Maybe this is a tired argument. Maybe pining for a simpler time is a waste of breath in today’s fractured culture. But it’s gotten so out of hand, and it wasn’t always like this. The War on Christmas used to mean something.
Lately, I’ve been thinking about how we got to where we are. When they told us we were going to wage a war, we were assured it wasn’t going to be a prolonged campaign. Our goals were modest: to loosen one religion’s grip on a beloved holiday.
Call me old-fashioned, but when I was a little kid, we waited until Thanksgiving was over before declaring War on Christmas. Sure, Santa would have his spot in the Macy’s Day Parade, but our parents assured us it was good, clean, secular fun. “Well, yes, his character is loosely based on a semi-historical Saint Nicolas,” they’d say, explaining how modern-day Santa Claus is more of a wintertime mascot, accessible to Christians and non-Christians alike.
And then once the turkey was finished, that’s when it was okay to start taking the “Christ” out of Christmas. Which, yes, it was a war, but the sides weren’t as entrenched as they are in today’s divided America. It used to be enough to write “Season’s Greetings” on your holiday cards to let everyone know that shots had been fired. Maybe if the spirit moved us, we’d write letters expressing concern regarding the town nativity scene in such close proximity to City Hall.
But the point wasn’t to linger on our differences. The War on Christmas was never meant to be the full-scale quagmire it’s devolved into today. We were just trying to mount a subversive campaign to slowly chip away at the religious foundation of our nation’s most celebrated December holiday. And we were willing to compromise. “Merry X-Mas” was a genuine effort to ease the spread of our godless agenda.
At least, that’s what I always believed. But now? We’ve got shopping malls flaunting their modern Santa’s villages, devoid of all religious iconography. We’ve got plain red coffee cups that, just last year, used to come decorated with festive snowflake illustrations. Talk about bringing a crèche to a tinsel fight. It wasn’t supposed to be this way.
What’s the exit strategy? How much more War on Christmas can our country take? I blame commercialism. And I also blame the media. And the internet. With so many distractions preventing us from living in the moment, we’ve lost sight of what it means to be at war with Christmas. If we could somehow collectively put our phones down for a minute, maybe we could see that the spirit of the War on Christmas is much more than shopping malls and coffee cups.

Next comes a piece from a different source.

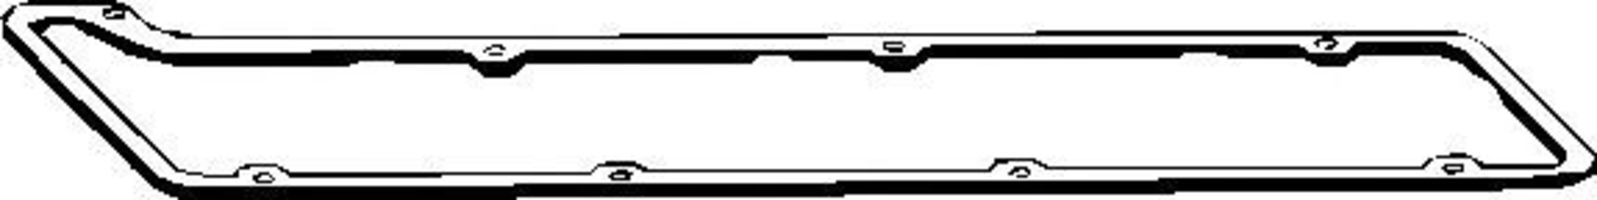 Прокладка клапанной крышки ELRING 752.193
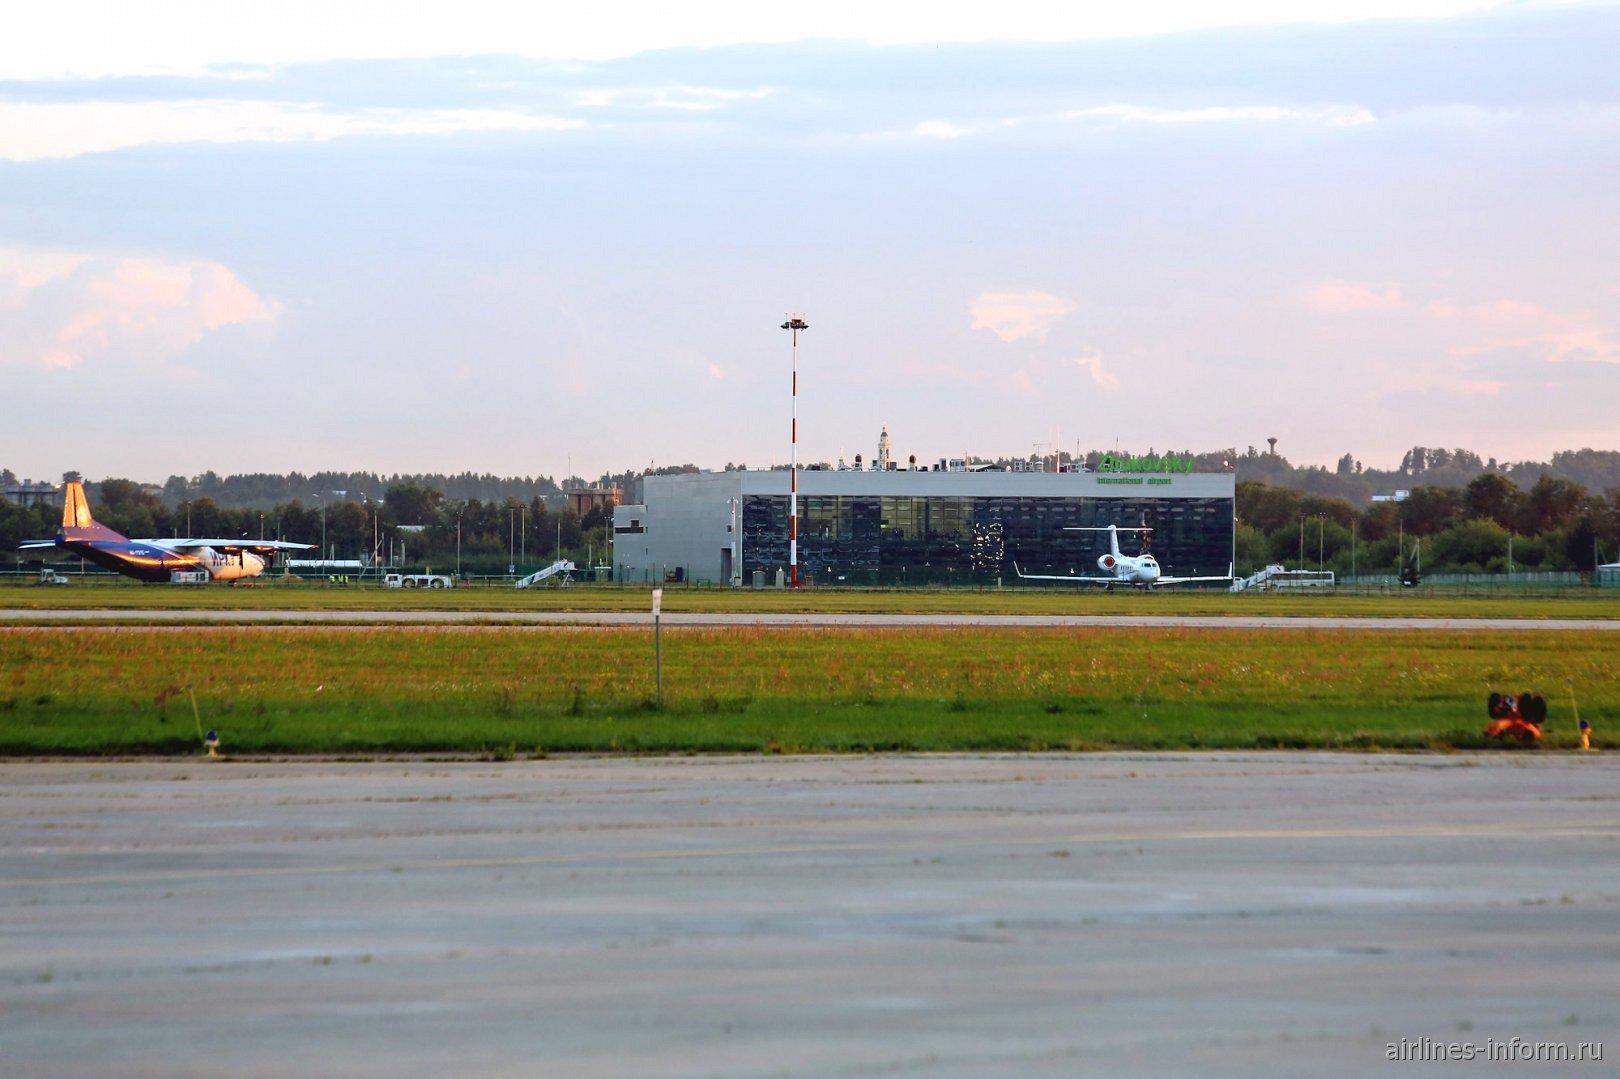 Фото аэропорта Жуковский со стороны летного поля

It’s about Frosty the Snowman and Rudolph the red-nosed Reindeer. Come on, that’s how you steep the culture in secular progressivism without sounding alarms. It’s about passive-aggressive generic seasonal greetings. It’s about casually letting your religious friends and family members know how excited you are to put up the holiday tree this year. And tell them you’re putting up a menorah too. Call it a holiday menorah. Just throw it all together and wrap them up with a continuous string of blinking holiday lights.
We can do this, America. It’s not too late to get back on track. Because if we’re ever going to win this thing, we’ve got to find some way to reconnect with the true spirit of the War on Christmas. Happy holidays, everybody.